Ok well near your radiatot, the fan that is inside of your case should be pushing air out through the radiator, and if there is a fan on the outside of the radiator it should be moving air in the same direction.


----------



## insaneazian

should the intake fan at the front be facing inwards?? so basically all the fans in the case face the same way?


----------



## diduknowthat

Noo, you're understanding it wrong. In order to have this "push cooling" thing, you have to have another fan mounted on the other side of your radiator blowing outwards. This way, you'll have 2 fans attached to your radiator both blowing the same way.


----------



## Impr3ssiv3

insaneazian said:


> should the intake fan at the front be facing inwards?? so basically all the fans in the case face the same way?




i think so?


basically you just sandwich the radiator between two fans that are spinning the same way


----------



## bball4life

insaneazian said:


> should the intake fan at the front be facing inwards?? so basically all the fans in the case face the same way?


The one at the front of the case?  Ya have that one blow air into the case.  But then you should have a 120mm fan at the back of your case, and one on the outside of the radiator.  Then both of those should be blowing air in the same direction, out of the back of the case.  All your fans should blow in the same direction, to get the best airflow.


----------



## Impr3ssiv3

ok

picture time
n
fan--radiator--fan----
 oustide--case--inside
____  ____ .| ____
|.(/.||___| ||.(/.|
|./).||___| ||./).|
----- .......  |-----


the two


		Code:
	

 ____
|.(/.|
|./).|
 -----


are fans. they are on each side of the radiator


		Code:
	

 ___
|___|
|___|


they both blow air to the outside of the case


----------



## insaneazian

Already thanks. That helps a lot.
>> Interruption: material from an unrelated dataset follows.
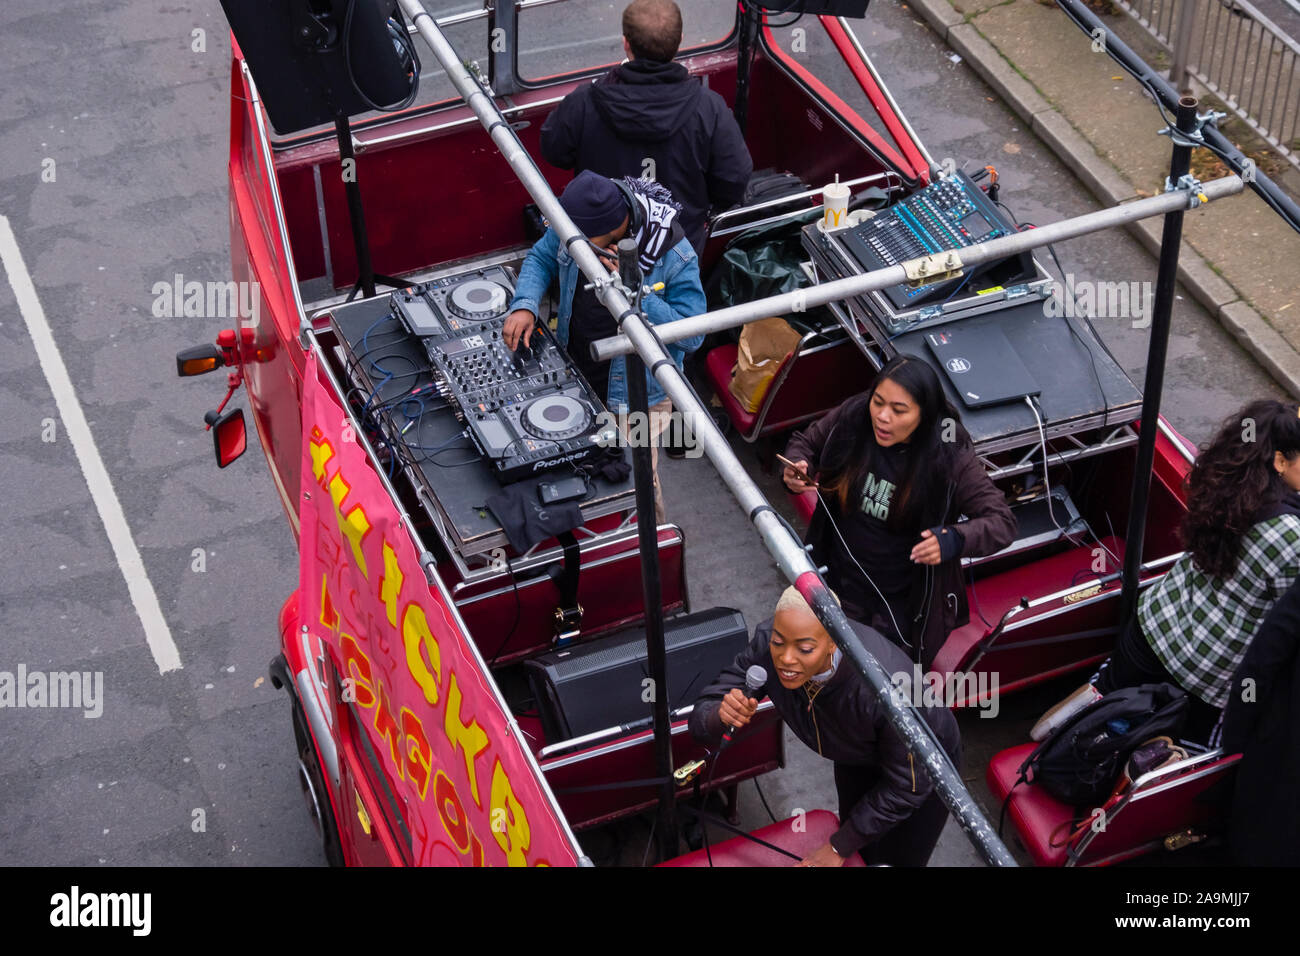 London, UK. 16th November 2019. he sound system on the bus as protesters from FCKBoris in orange knitted hats walk through Uxbridge  urging everyone to register and vote against Boris Johnson and kick him out for his racist, elitist politics. They marched to Brunel University to persuade students. Johnson had a majority of just over 5 thousand in 2017 and Labour candidate Ali Milani has strong hopes of beating him and the other 10 candidates. Peter Marshall/Alamy Live News Stock Photo

Now time to light this baby up with blue leds


----------



## revo2.5

Impr3ssiv3 said:


> ok



you lost me there.


----------



## r0k0

is the Corsair Cool Watercool setup good or less effective than the Gygabyte watercool setup...?


----------



## insaneazian

Well I would figure that the corsair liquid cooling system would be slightly beter but I like the gigbyte because it looks cooler and is cheaper.


----------